Little has been the Men’s Outreach Coordinator at ACO since April 2006 on a project funded with a grant from the AIDS Secretariat at Health Canada. Little’s mandate is to work with gay men and men who have sex with other men (MSM) in the Ottawa area. His position requires hands-on outreach to improve prevention and to help educate men about how to have safer sex.

 

You’ll often find Little stationed directly where men meet to have sex: in bars, baths, parks, online, and at any other special events where men might meet up. Little hands out lube and condoms, answers questions, and makes referrals to other organizations. Little helps out with Queer And Questioning Trivia Night at Swizzles (to start again in January), and organizes “pos parties” to improve integration and remove stigmas concerning HIV-positive men in the community.

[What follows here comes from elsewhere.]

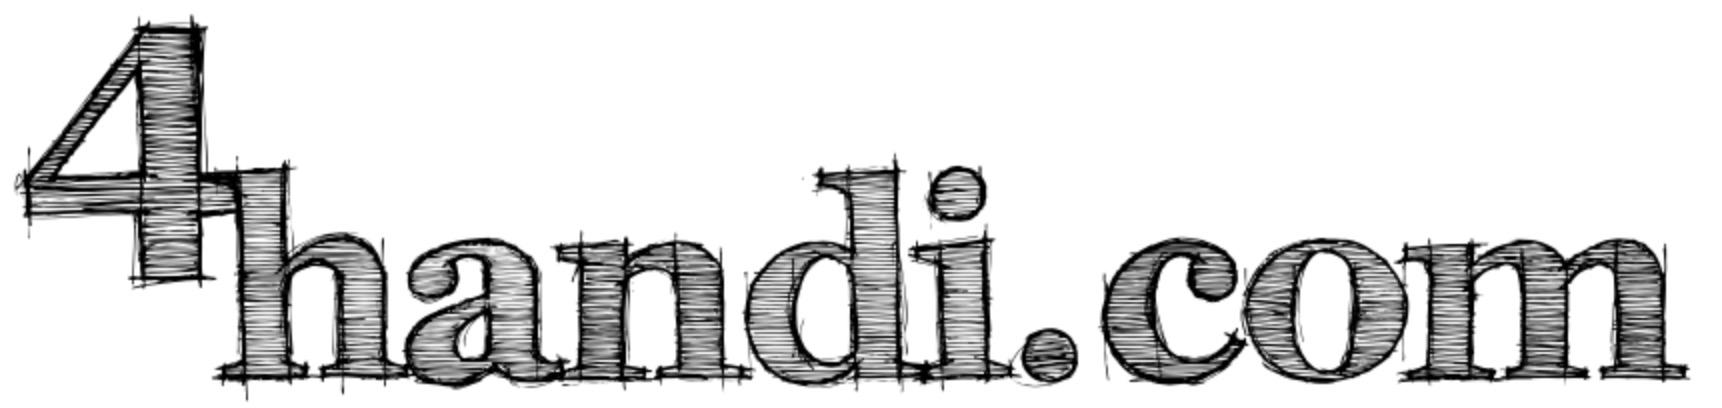 4handi.com

Little says that he tries to reach out to a wide diversity of men through his outreach.

Another new member of the prevention team is Adam Graham, who is the Gay Men’s Prevention Coordinator at ACO. Graham was hired full time in September, overseeing the program. He often looks to the Gay Men’s Wellness Initiative for guidance in his prevention work, and works with various partner organizations such as the Ontario Gay Men’s Strategy, and the Ontario Ministry of Health. Right now, his time is taken up mainly with a project called Snowblower, a health fair for local gay men scheduled for February.

Ricky Barnes, the HIV/AIDS Prevention Coordinator at PTS, does outreach with Ottawa’s gay and MSM communities. His funding comes from the AIDS Bureau of Ontario. He is working on a study about depression in gay men and men living with HIV as well as on the Be Real campaign, which is a website and outreach program. One of his main concerns is the self-esteem of gay men.

“I look at the decisions being made by the [gay men in the community] and why they are being made. HIV prevention goes far beyond latex. The condoms are important, but there are some underlying issues facing gay men and the adequate health resources in their lives,” says Barnes.

Pink Triangle Services will soon be adding a new position in their line-up, focussing on local Asian gay men’s HIV/AIDS outreach.

Deeprose is happy to see the funding coming back to gay men’s health issues. “This prevention outreach is long, long, long overdue in the AIDS community in Ottawa it is returning from a decade of neglect.”